Vous n’en avez pas encore ressenti les conséquences ?
Pas forcément, non. Le disque vient de paraître, et je sais bien qu’il faut attendre un peu... Mais étant désormais l’un de nos principaux buts, j’espère bien que les demandes de concerts afflueront. J’aimerais en donner toutes les semaines : j’ai besoin de cette adrénaline. Les concerts conditionnent mon quotidien, puisque je vis la musique de l’intérieur. La magie qu’offre le live est irremplaçable. Même durant les répétitions, des moments très touchants surgissent, alors que nous ne nous y attendons pas. Mais nous voulons partager ces vibrations-là. Sinon, je sais que le projet s’arrêtera.
Vous voudriez toucher le Pays Basque sud ?

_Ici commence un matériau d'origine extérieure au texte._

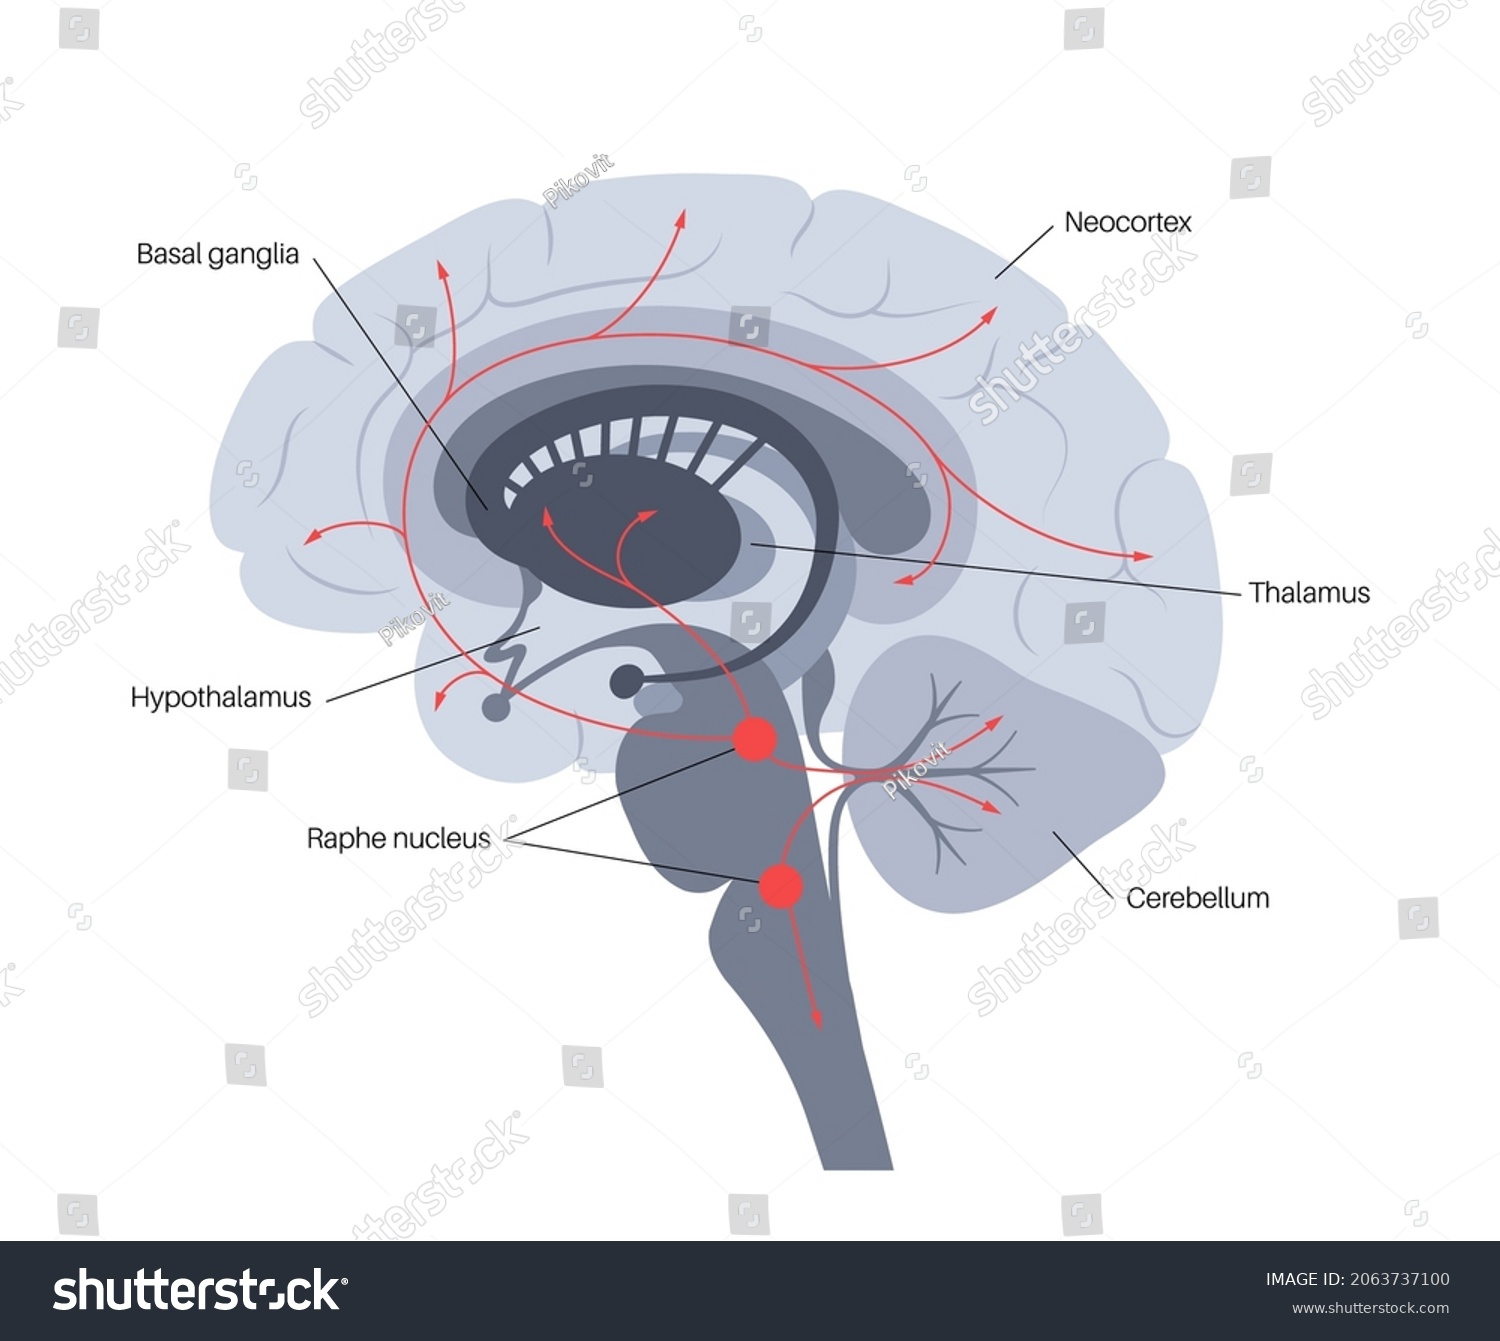 SVG of Serotonin pathway in the human brain. Monoamine neurotransmitter. Modulating mood, cognition, reward, learning, memory, and numerous physiological processes. Medical poster flat vector illustration. svg

Le Pays Basque dans sa totalité. Il est évident qu’une fois avoir mis un pied en Hegoalde, le reste est plus facile après. Mais c’est étrange de voir comment nous nous sous-estimons en Iparralde. Nous avons tendance à donner plus de légitimité aux chanteurs du Pays Basque sud. Ou alors, un groupe d’Iparralde doit d’abord avoir du succès en Hegoalde, avant de bien marcher ici en retour. C’est ce qui est advenu à Willis Drummond, par exemple. C’est triste, quelque part : on dirait que nous avons besoin de la permission du Pays Basque sud pour décider ce qui est bien. Que je sache, un Bas-Navarrais n’est pas moins euskaldun qu’un Gipuzcoan ! Nous ne nous connaissons pas assez, et il me semble que le problème le plus profond de ce pays est culturel. Pourtant, par le biais de la musique, il y a là l’occasion de tisser des liens très riches, durables : nous devons secouer notre train-train quotidien, prendre des risques, faire des paris. Nous avons des occasions incroyables à l’avenir, en commençant dès aujourd’hui.